1. Patiently, hopefully, work toward your dreams.
As a young girl I dreamt of Ireland. My grandfather taught us traditional Irish songs, and constantly had them playing at his home. I collected shamrocks, watched Irish films, and hosted St. Patrick’s Day parties every year. I loved the history, the people, the music, and I longed to go. I always daydreamed of someday, but never thought about it becoming a concrete reality. One day I had an epiphany. If I don’t plan a trip right now, I might never go. I didn’t want my someday to turn into an “I wish I would have”. Looking over my schedule, my bank account, and my vacation days, it seemed like an impossibility. Yet I began to plan. I began to save. I was able to plan a trip a year in advance and save enough money to cover my expenses. Through all this I learned that just because your dreams are difficult, doesn’t make them impossible. Just because you can’t have your dream right now, doesn’t mean you can’t have it. From realizing this life-long dream, I have been given the courage to pursue other dreams … one step at a time.

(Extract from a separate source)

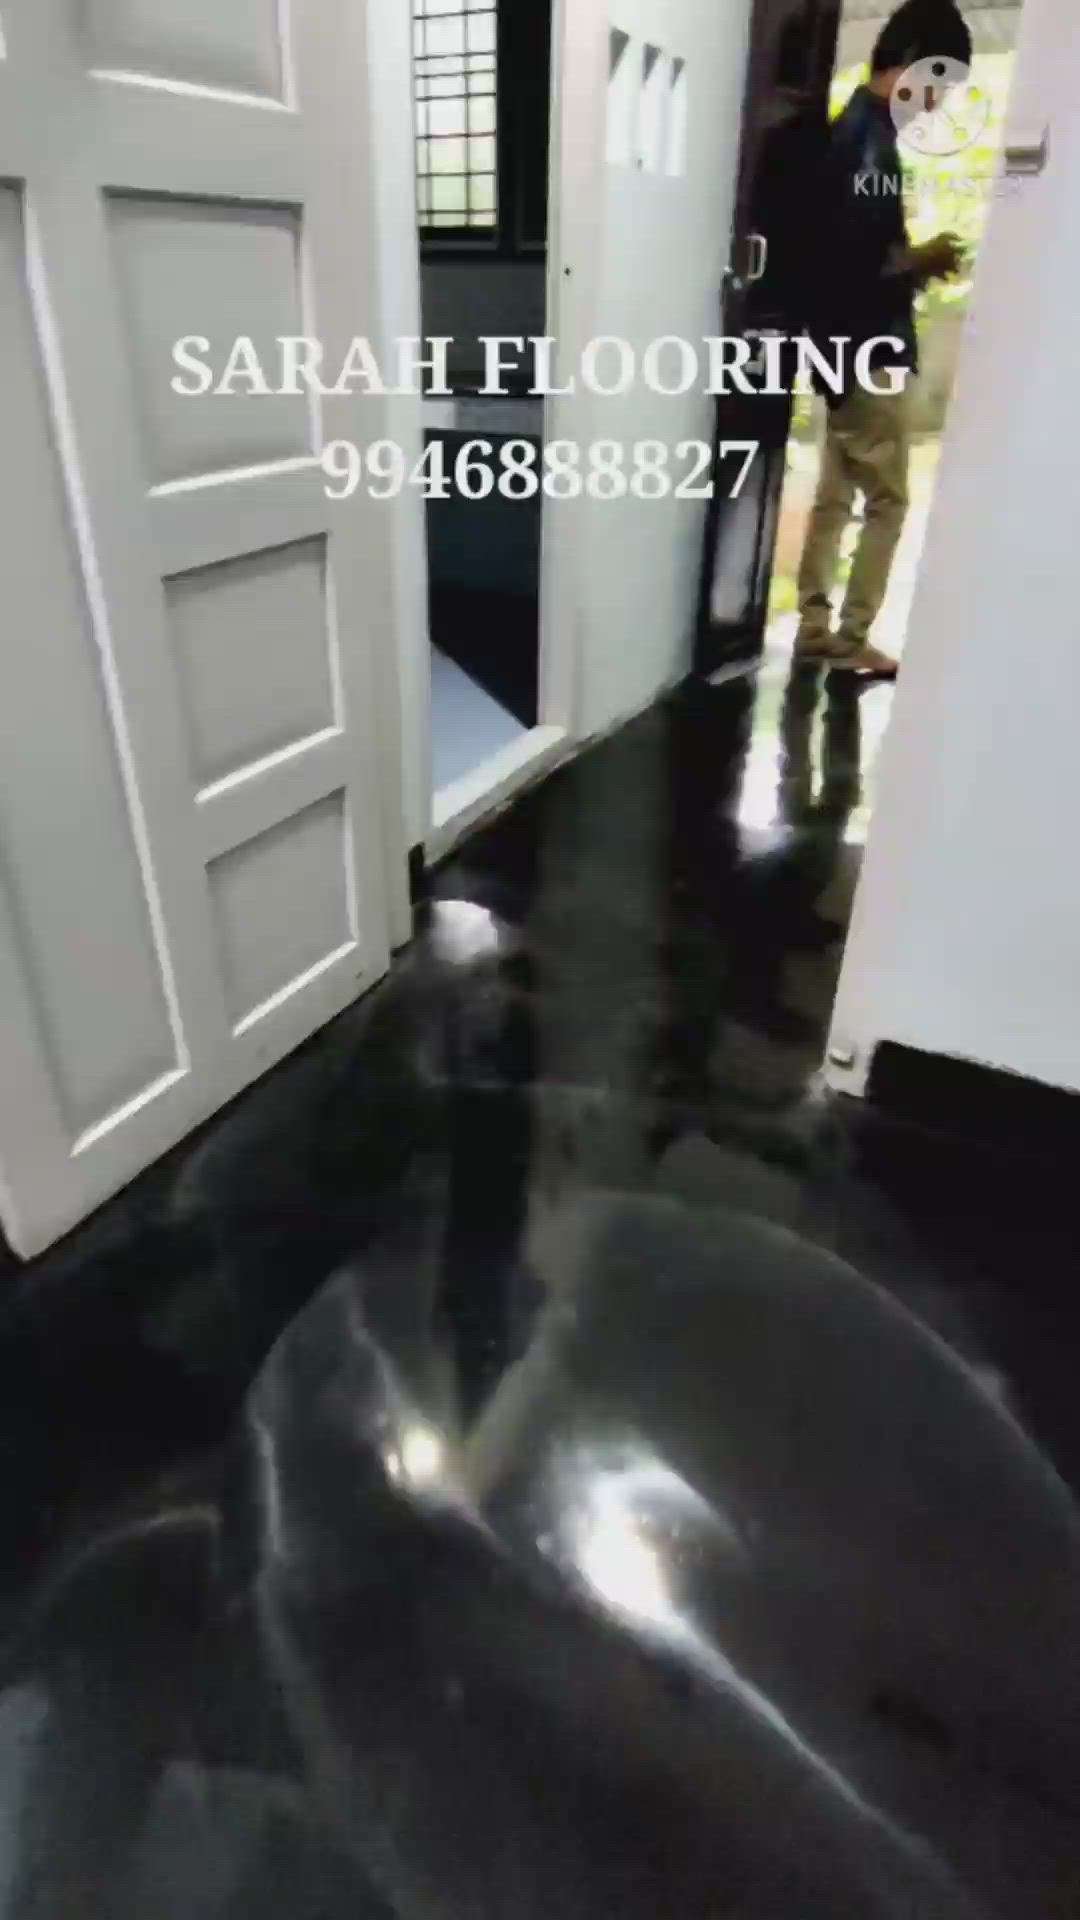 ബ്ലാക്ക് ഓക്സൈഡ് ഫ്ലോർ പോളിഷിംഗ്
black oxide floor Polishing

2. Don’t be afraid to go it alone.
Henry David Thoreau once said, “I never found a companion that was so companionable as solitude”. I learned this first-hand when I visited the Emerald Isle. I had planned to take my trip with friends, and one by one, things came up and they were unable to go. Of course, I missed having their company, but in hindsight I am so grateful to have journeyed alone. I was forced to explore, to ask for help, to sit quietly and to think. I was free to process through new experiences without hindrance. I was blown away by the gift of pondering — filing away these new sights, sounds, and feelings deep in my heart and mind. Since that trip, I have gone on other adventures by myself. Some small, some bigger. I love people and believe that friendship is one of life’s most valuable gifts, but I also have learned that practicing solitude from time to time adds weight and value to my life.

3. Wander slowly.
Living in Los Angeles I became accustomed to driving everywhere, even to the grocery store a few blocks away. In Ireland, cars drive on the opposite side of the road. I am uncoordinated enough as it is, and with the addition of an unfamiliar environment there was no way I was ready to attempt that. For this reason I found myself getting around other ways. I travelled by bus and train, but primarily on foot. Travel took longer, but it was more peaceful. I didn’t have the anxiety of watching the road, thinking about where to turn next, etc. If I had driven instead of walked, I never would have found Cork Coffee Roasters, home of the best almond croissant I have ever tasted, or wandered into that hole-in-the wall bookshop in Dublin. I may never have noticed the fields full of more shades of green than I had ever seen. Getting into the habit of wandering slowly has been a lesson I will take with me for the rest of my life.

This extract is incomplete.